-------- Provided data --------
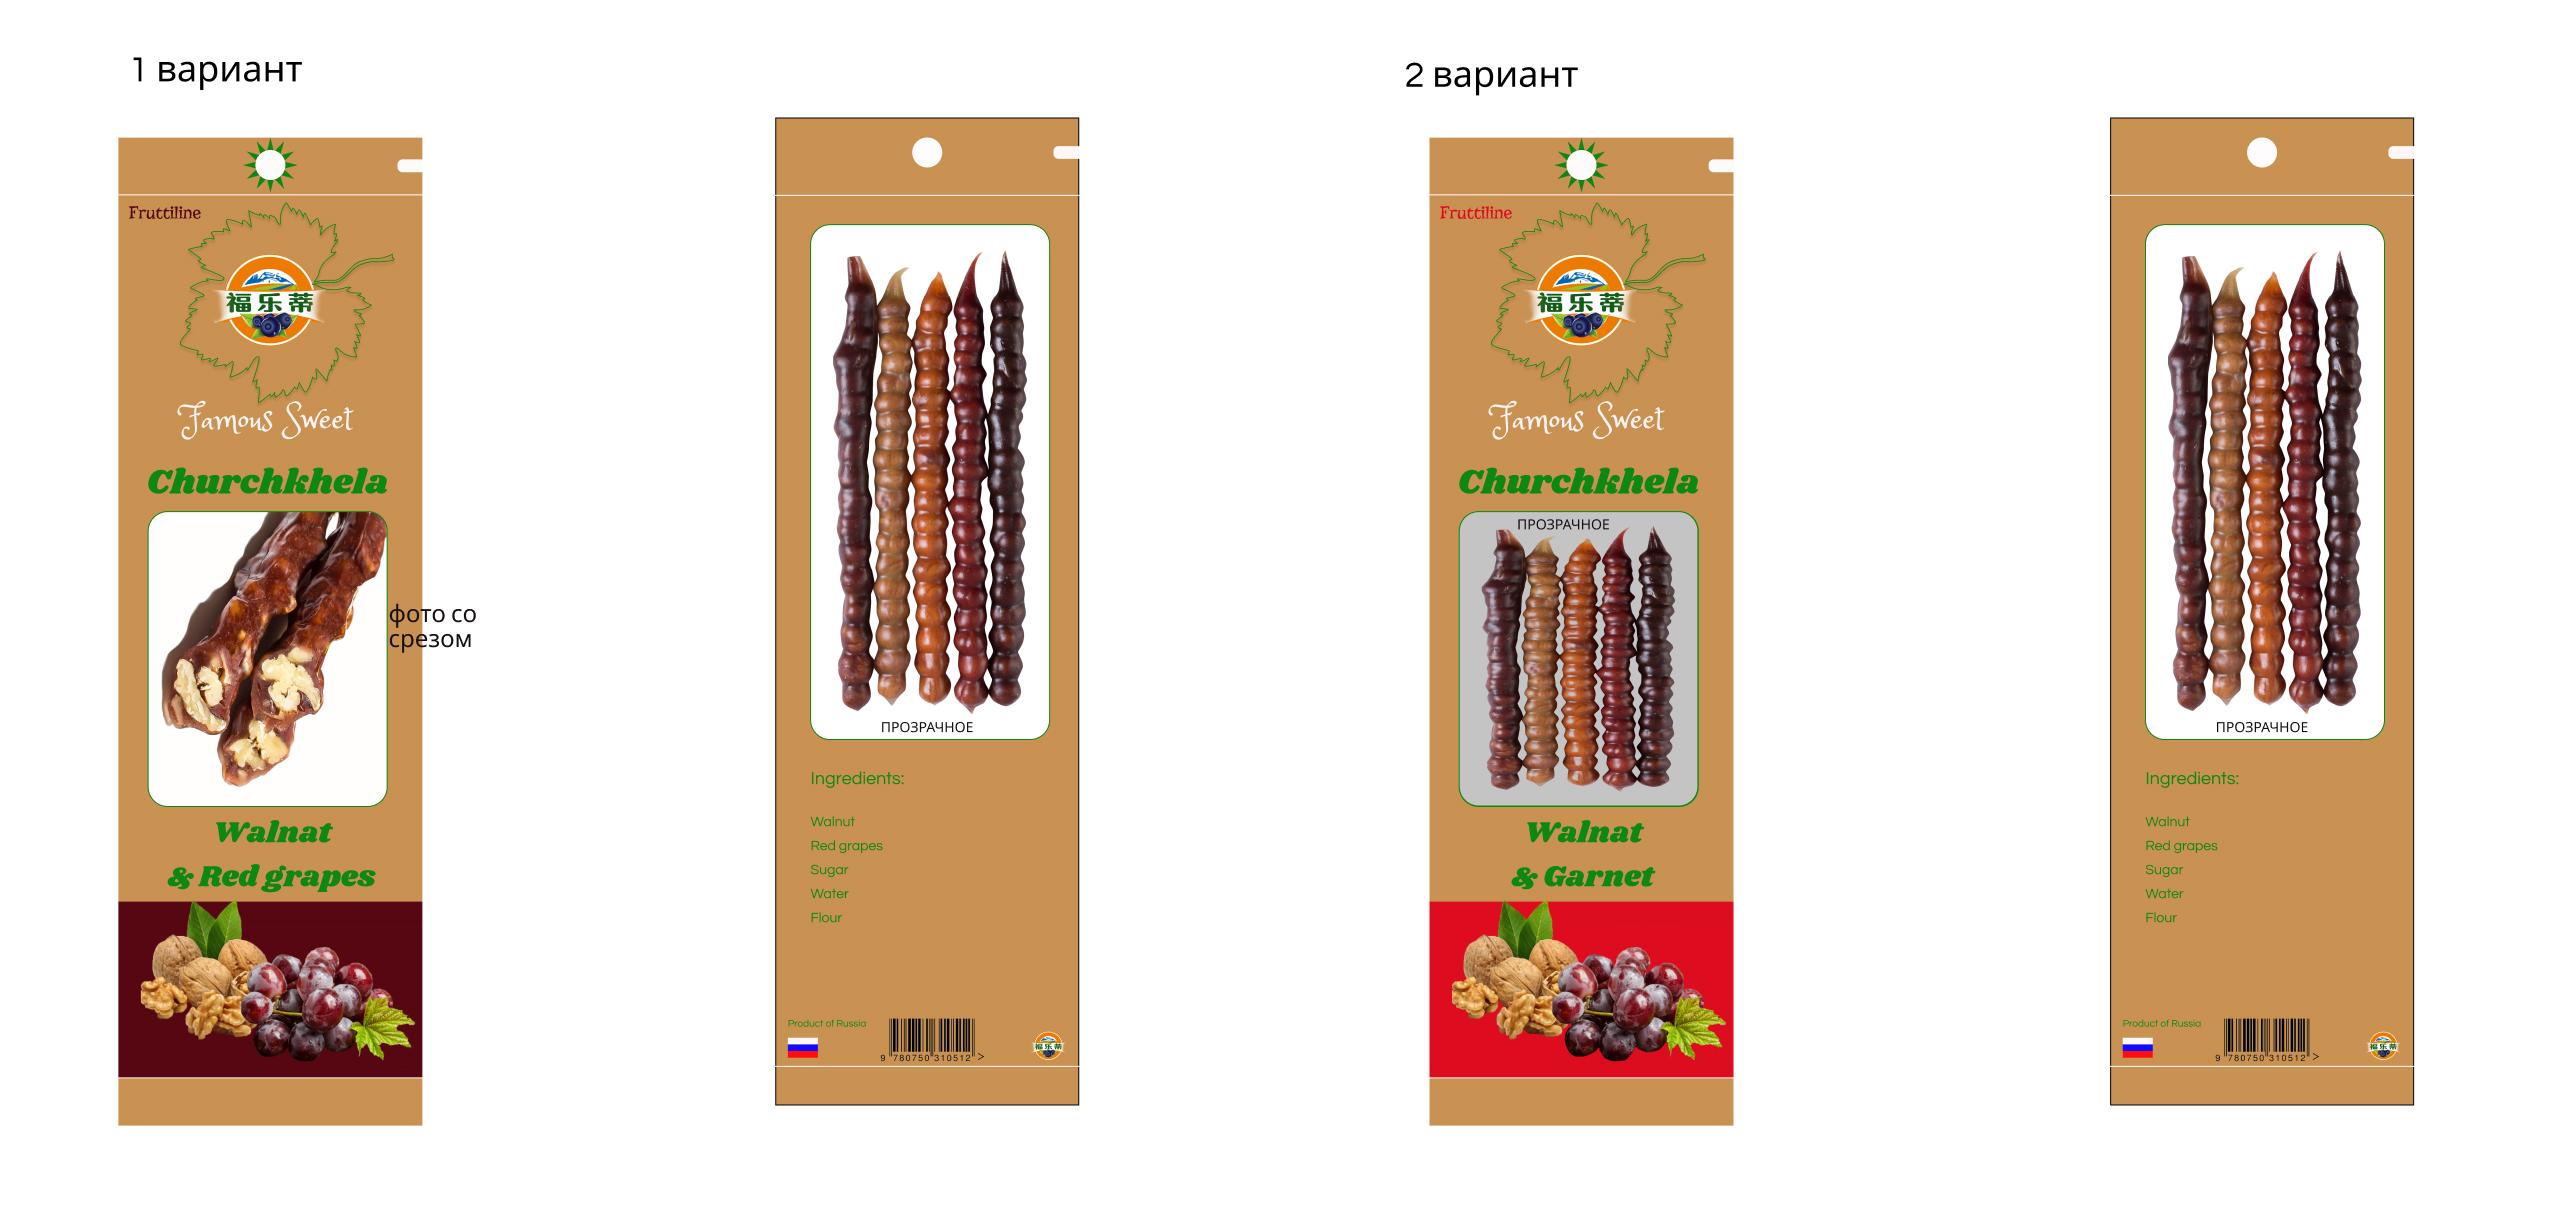 Дизайн упаквоки снеков для рынка Азии (Китай) фото f_4325f0d3cf8d9c0f.jpg
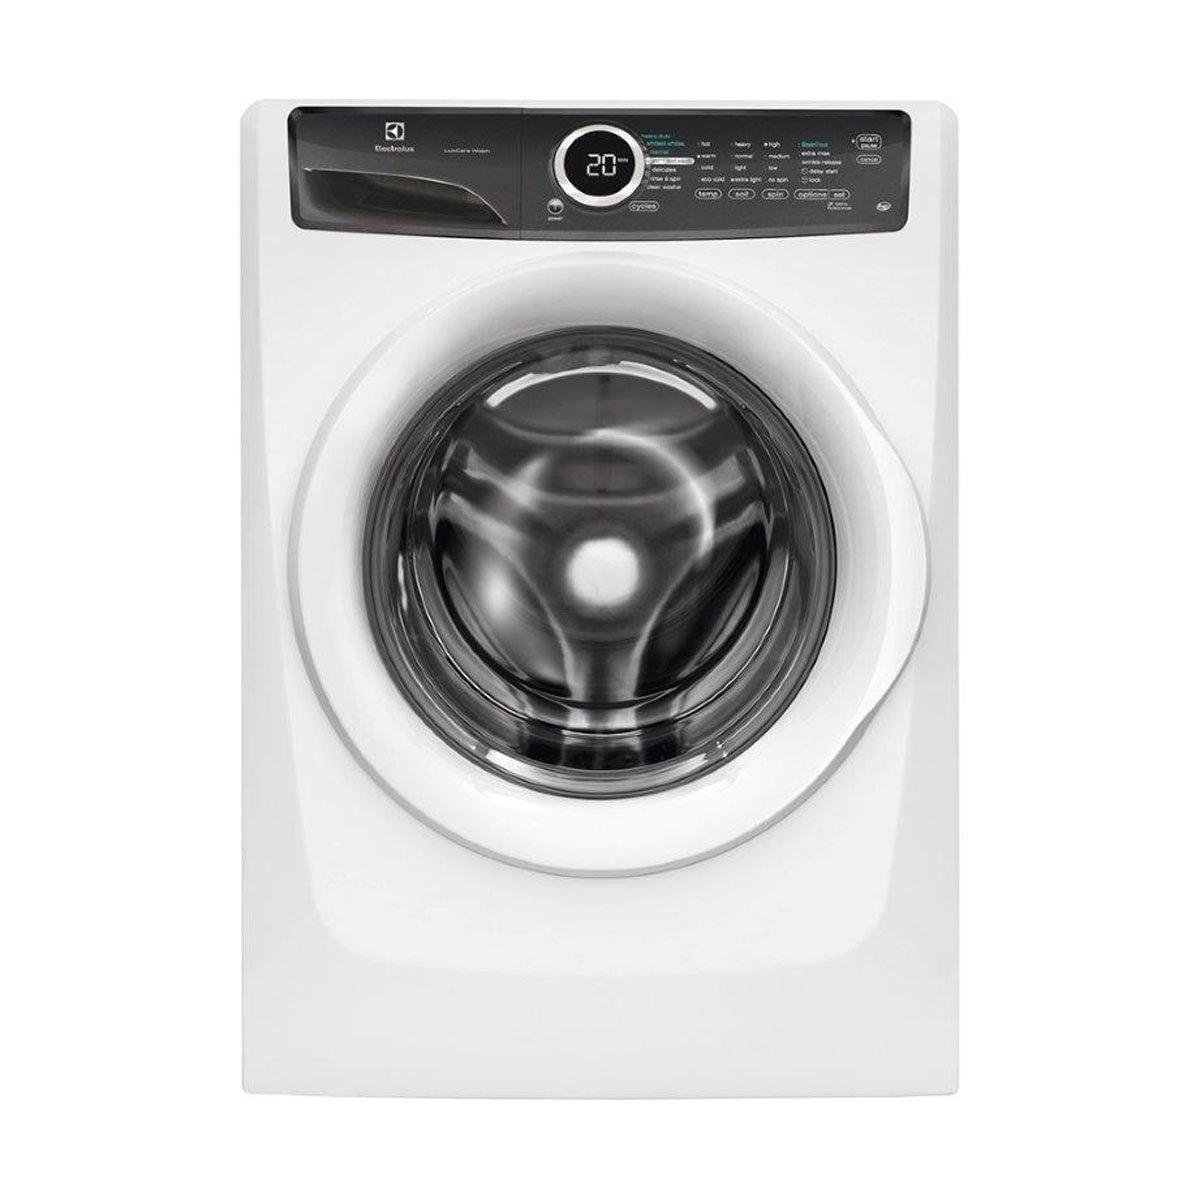 Lavadora electrolux frontal 21kg blanca sears com mx for Funcion de la lavadora
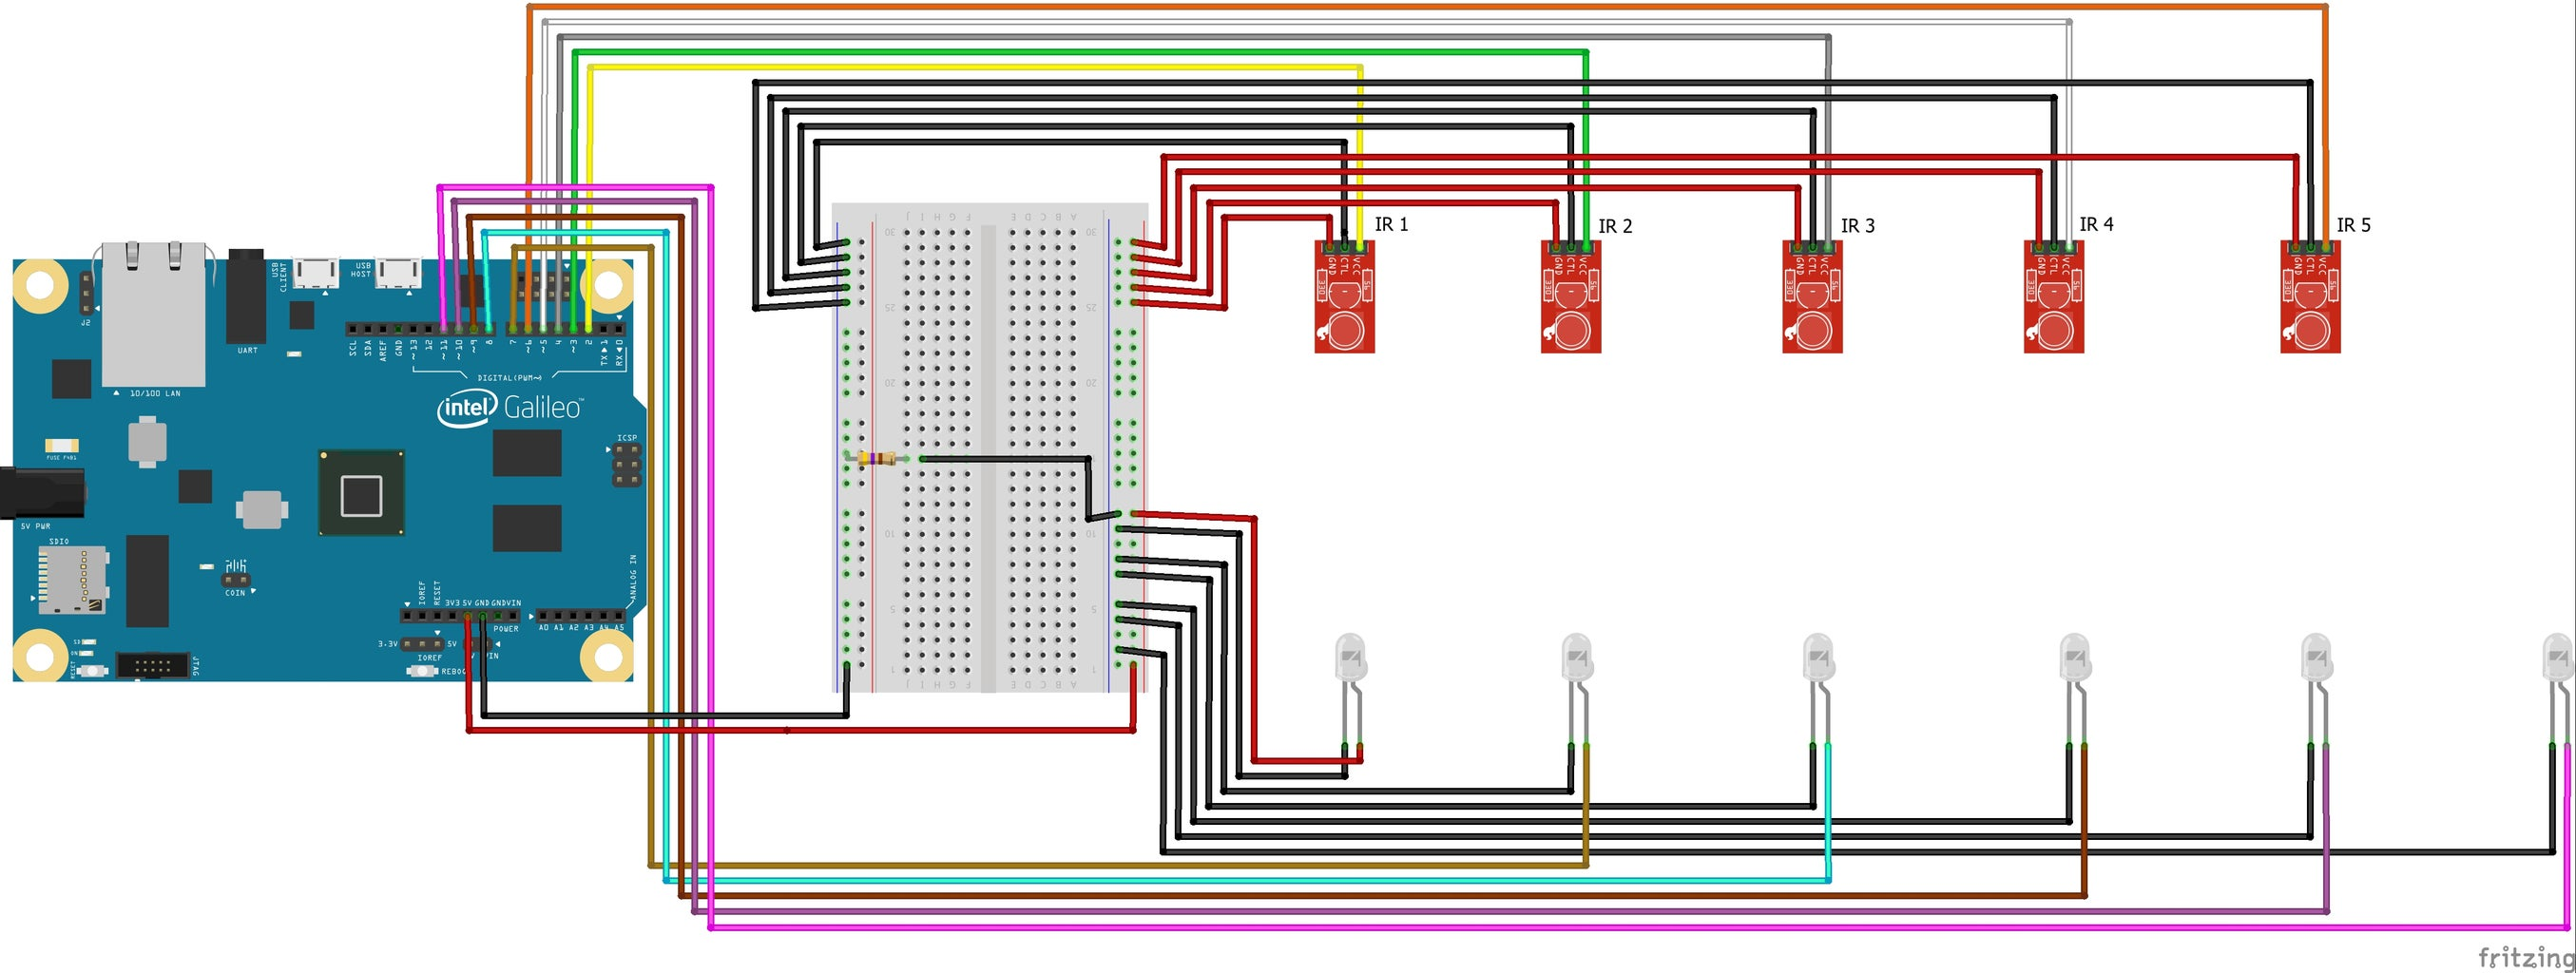 LED Interfacing With Intel Galileo:
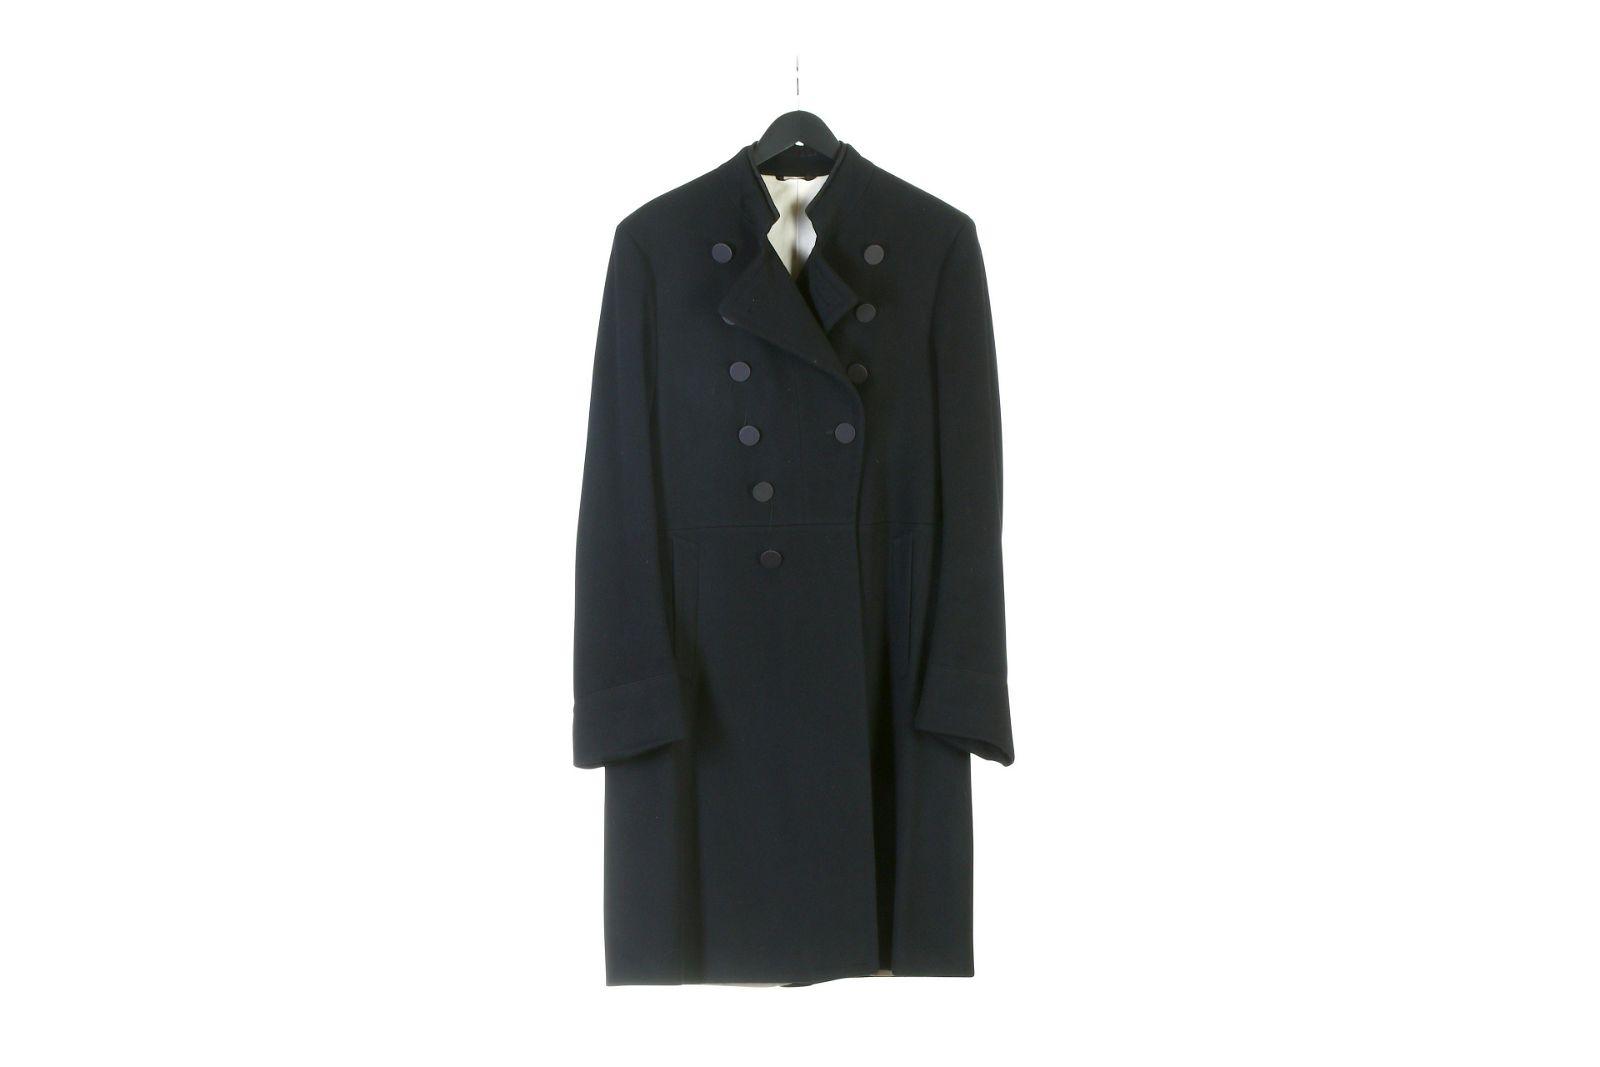 Gucci Men's Black Cashmere Coat
--------
*How to complete this task*: Leave the images out and transcribe the rest of the material exactly.

*Response area*:
 Дизайн упаквоки снеков для рынка Азии (Китай) фото f_4325f0d3cf8d9c0f.jpg
 Lavadora electrolux frontal 21kg blanca sears com mx for Funcion de la lavadora
 LED Interfacing With Intel Galileo:
 Gucci Men's Black Cashmere Coat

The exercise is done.